The prayers that were offered in the public school were voluntary. No one was compelled to participate. They were nondenominational. They recognized the existence of God and recognized God as a Supreme Being and asked His blessing. Nothing else was involved.

This is not the first onslaught on our religious freedom and it will not be the last unless we put some safeguards in our Constitution so strong that it will be impossible for the present and future courts to stretch its meaning to a point of personal înterpretation and beyond its true purpose.

In the early 1870's two organizations were founded, the Liberal League and the American Association for the Advancement of Atheism. They were founded to accomplish what the Supreme Court, knowingly or unknowingly, is well on the way toward accomplishing today.
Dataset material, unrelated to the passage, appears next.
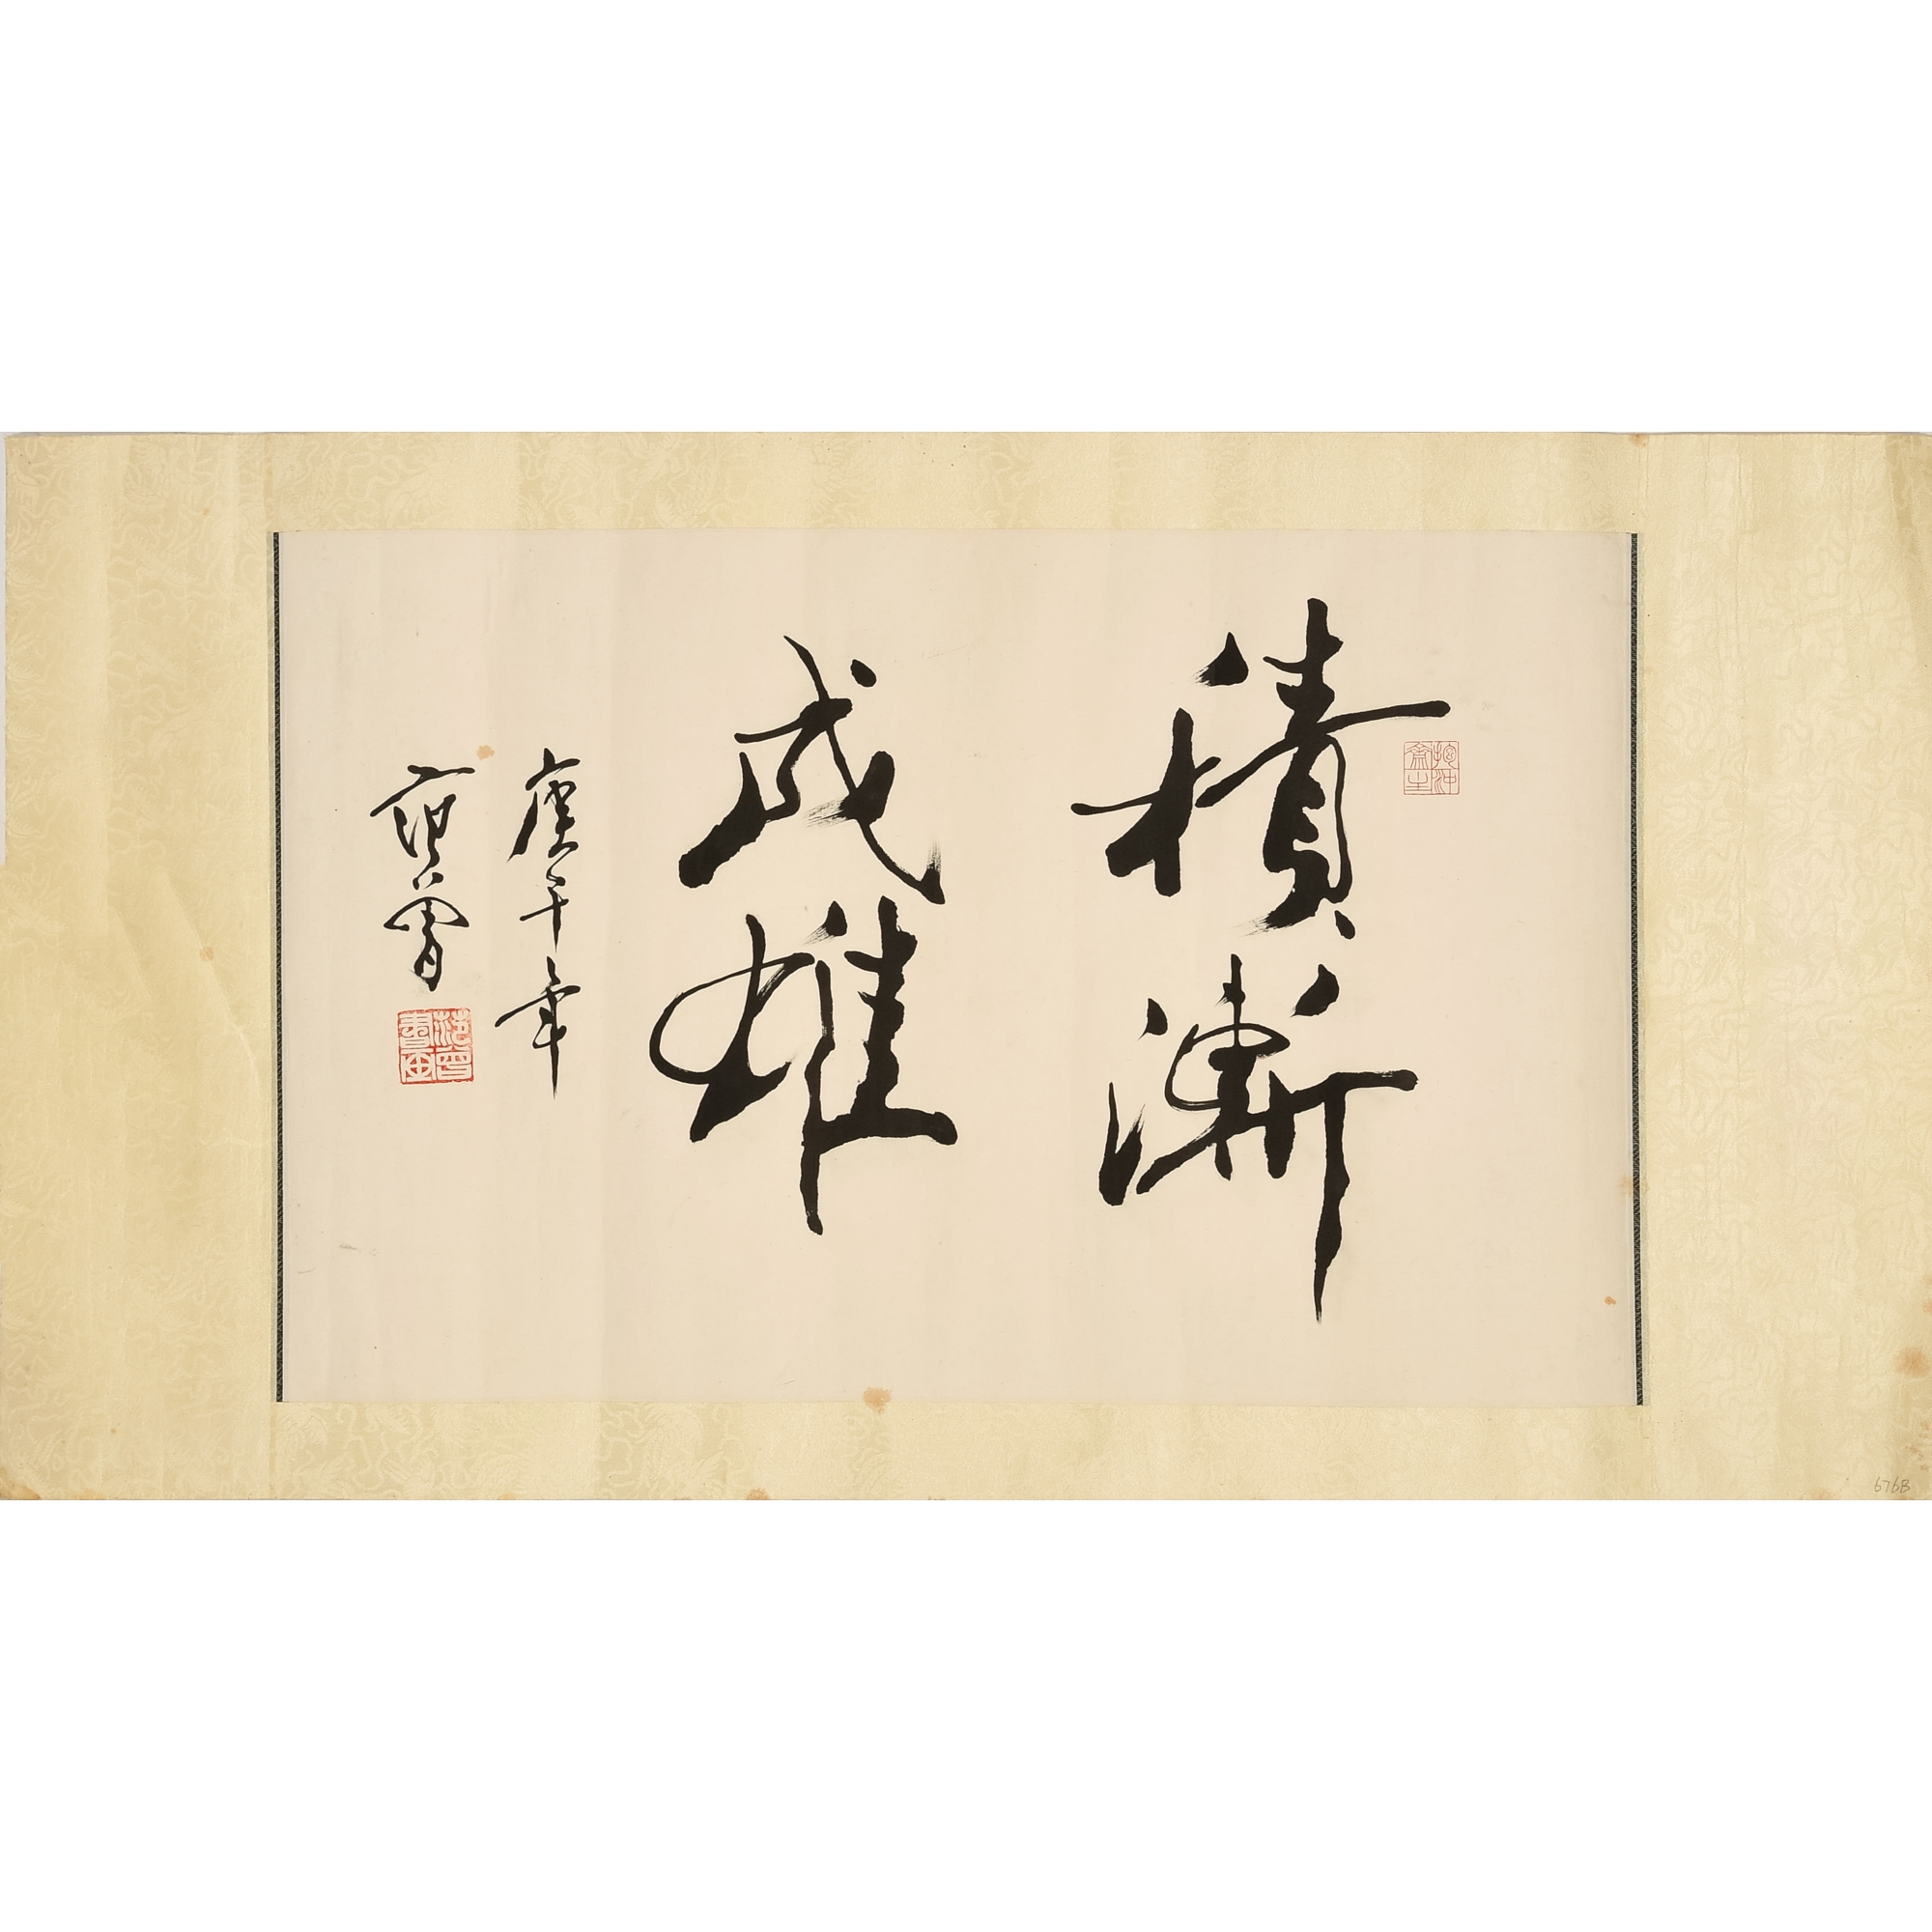 A Chinese calligraphy, by Fan Zeng (Chinese, b. 1938 by Fan Zeng, 1938
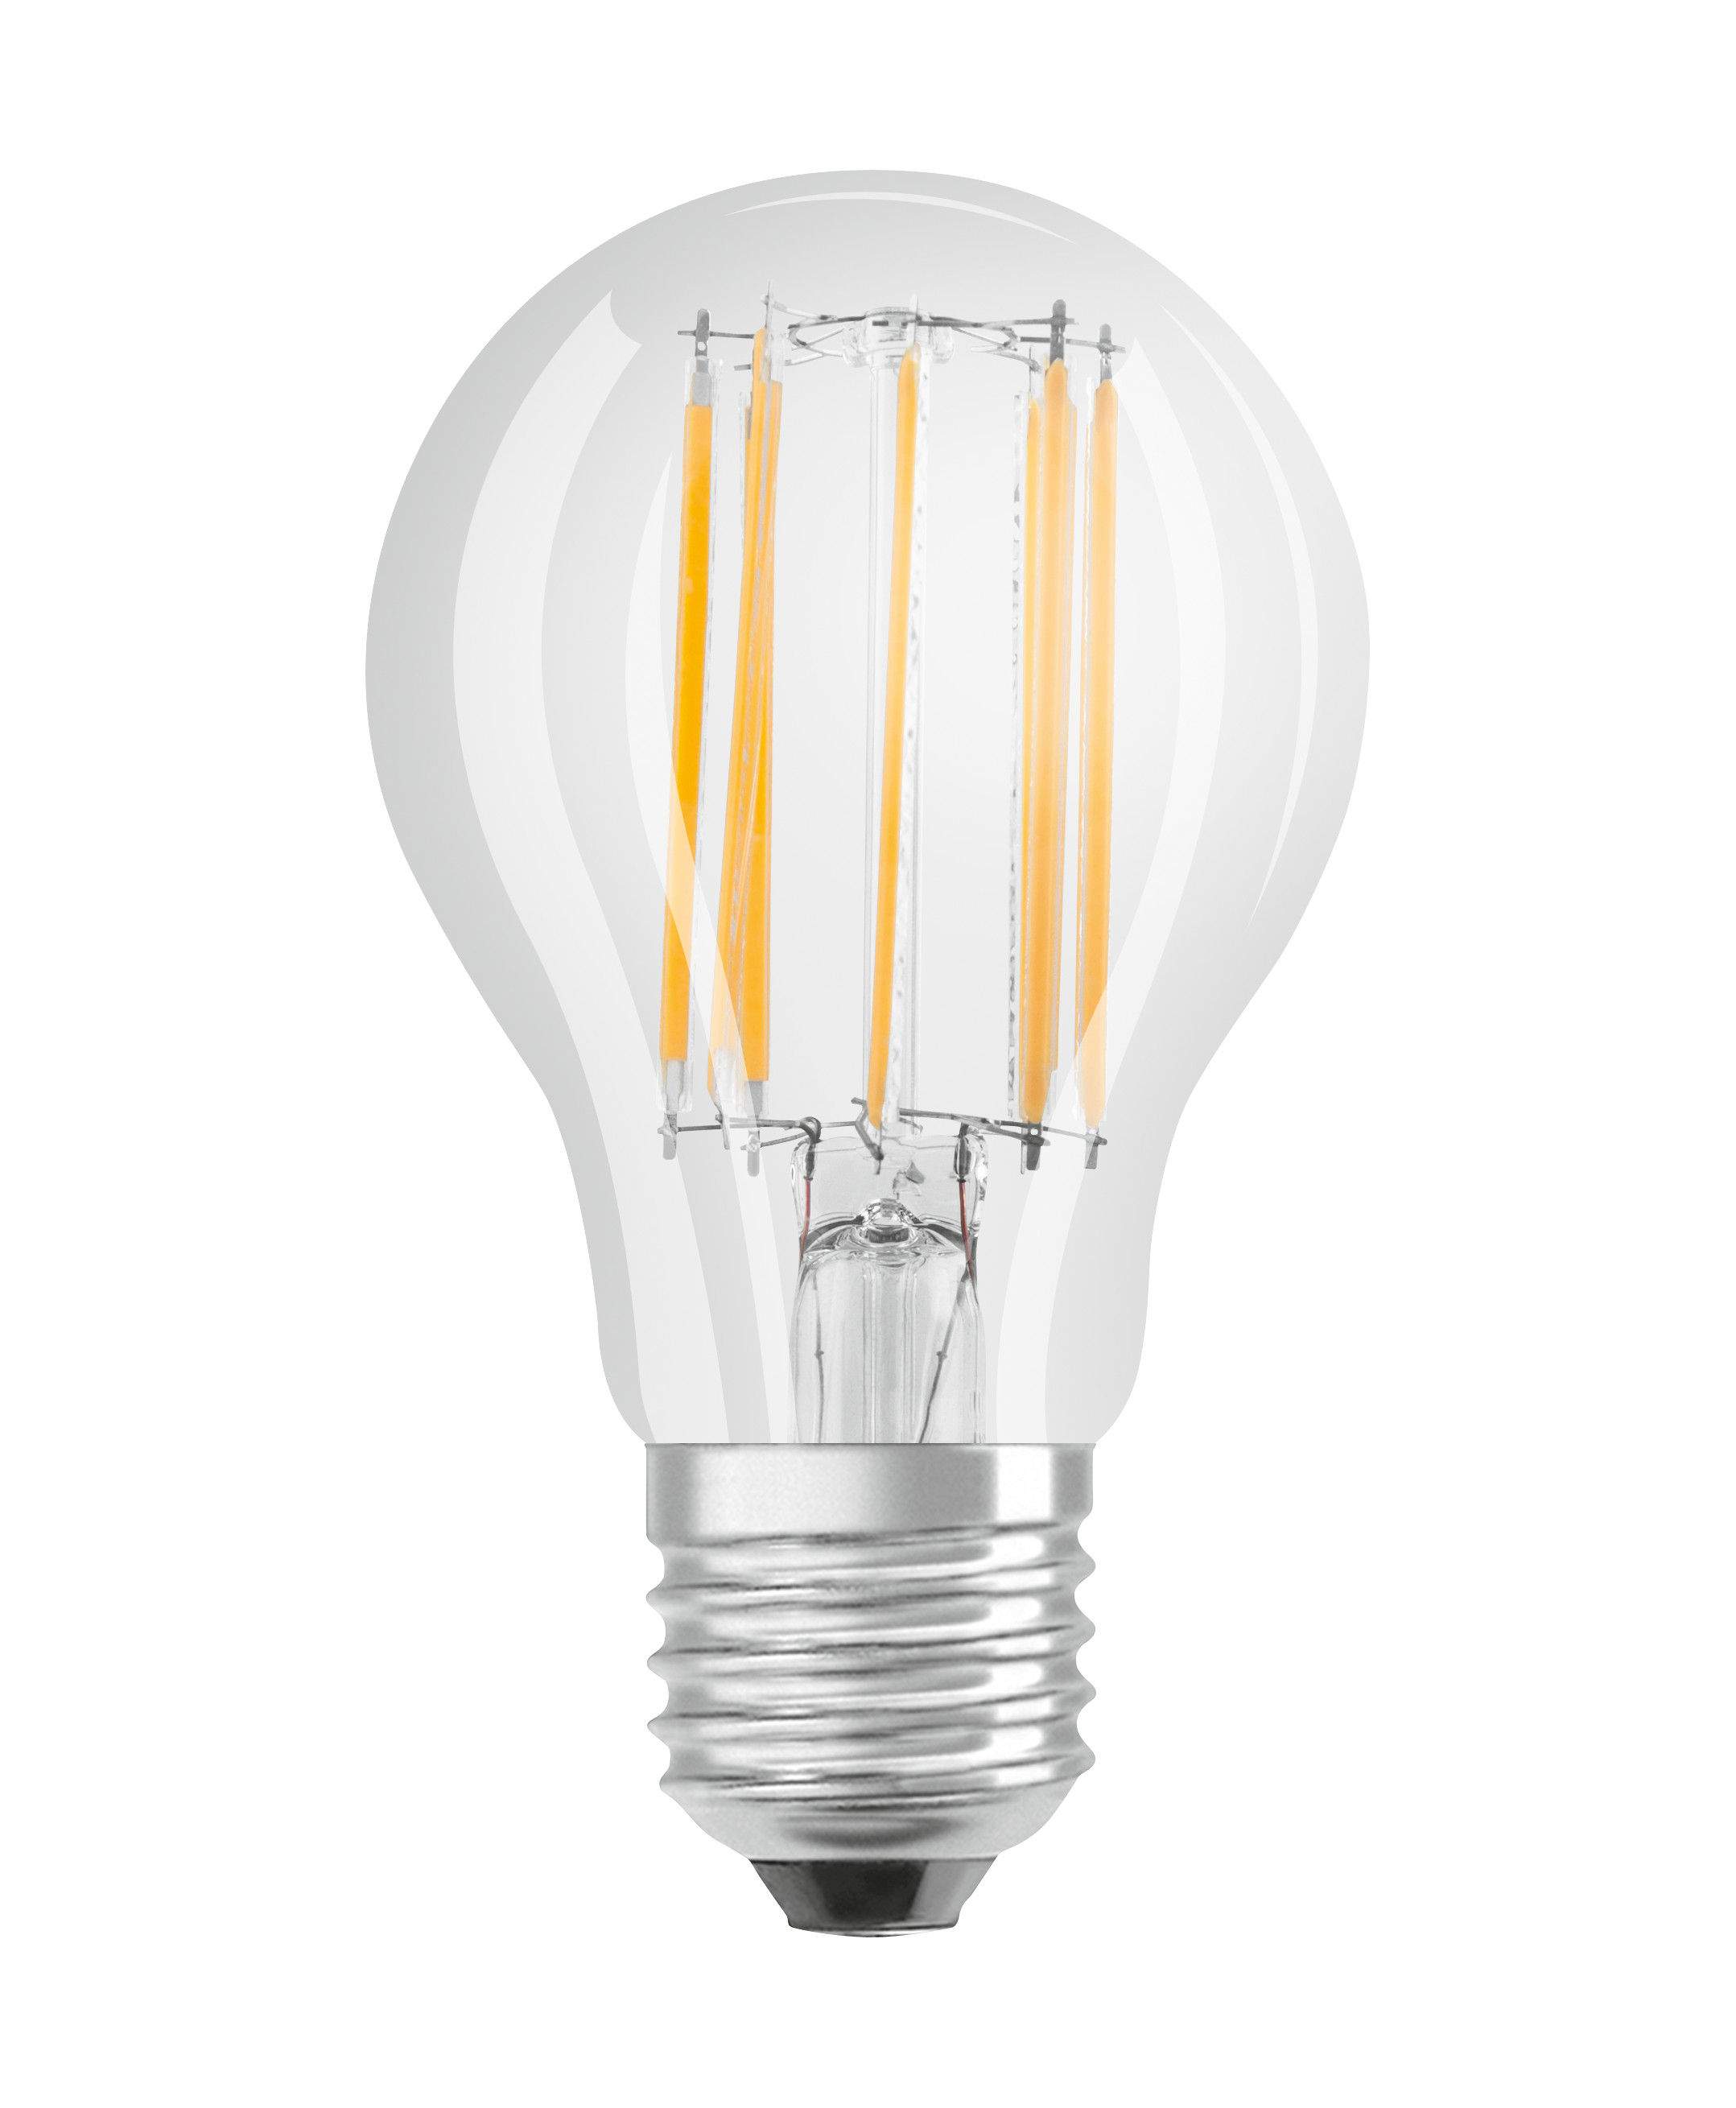 E27 standard clear glass LED bulb, 11W, warm white.

Some of the objectives of these societies were:

(1) That churches and other ecclesiastic property shall no longer be exempted from taxation.

(2) The employment of chaplains in Congress, in State legislatures, in the Navy and militia, and in prisons and all other institutions supported by public money be discontinued.

(3) All religious services sustained by the Government shall be abolished, and especially the use of the Bible in public schools, whether used as a textbook or as a book of religious worship, shall be prohibited.

(4) The judicial oath in the courts and all other departments of Government shall be abolished.

(5) The laws directly or indirectly enforcing the observance of Sunday as a Sabbath shall be repealed.

There were other objectives but these are the basic ones. Our forefathers were able to handle the situation then, and I pray we will be able to handle it now. So far, however, the pattern is the same. Already the Court has virtually outlawed Sunday as a day of worship, in a case involving the State of Maryland. It based its decision not on the principles of religion and morality, but on social and economic principles.

It has outlawed a reference to God in the official oath, also in the State of Maryland.

In a Maryland case, pending for a fall decision, the freedom to use the Bible in the public schools is in jeopardy.

Yes, gentlemen, the pattern is definitely the same. It is shocking and it is frightening.

An interrogating Russian officer told a captured American officer in Korea, "My country will never meet your country on the battlefield. It would be disastrous to both of us.

"In our lifetime my country will overcome your country by bleeding you white economically and destroying you morally."

I ask you, gentlemen, are we going to sit here and let that happen? I have a brief here going into more detail on this subject. This brief was prepared by Hon. J. S. Bracewell, of Houston and Roans Prairie, Tex. He entitles it "A Little Prayer That Stirred a Nation." I believe you will find it of interest.

Senator HART. It will be placed in the record at this point.

(The brief follows:)


"Almighty God, we acknowledge our dependence upon Thee, and we beg Thy blessings upon us, our parents, our teachers, and our country."


This little prayer the U.S. Supreme Court says is unconstitutional. opinion by the Supreme Court is causing as much controversy as its desegregation decision in Brown v. Maryland. The Brown case will be used to root out every form of segregation in any tax-supported institution in the United States. That is as it should be, although it came about by a quite strained interpretation of the Constitution.

The Supreme Court says to segregate the races in any tax-supported institution constitutes a denial of the equal protection of the laws. The New York Prayer case is based upon exactly the same principle of reasoning. That is to say, that if any State uses any of its tax revenues in any form to foster, recognize or encourage any religion, such will deny to all other citizens, whether religious or not, the equal protection of the laws and the interpretation will in the end be used to root out every reference to or recognition of religion, not only in our public schools, but in every other tax-supported institution in the country. In some States already the teachers have been forbidden to read the Bible or have any character of Christmas or Easter recognition in the schools. It will follow that the schools will be forbidden to make any recognition whatsoever of any religious event.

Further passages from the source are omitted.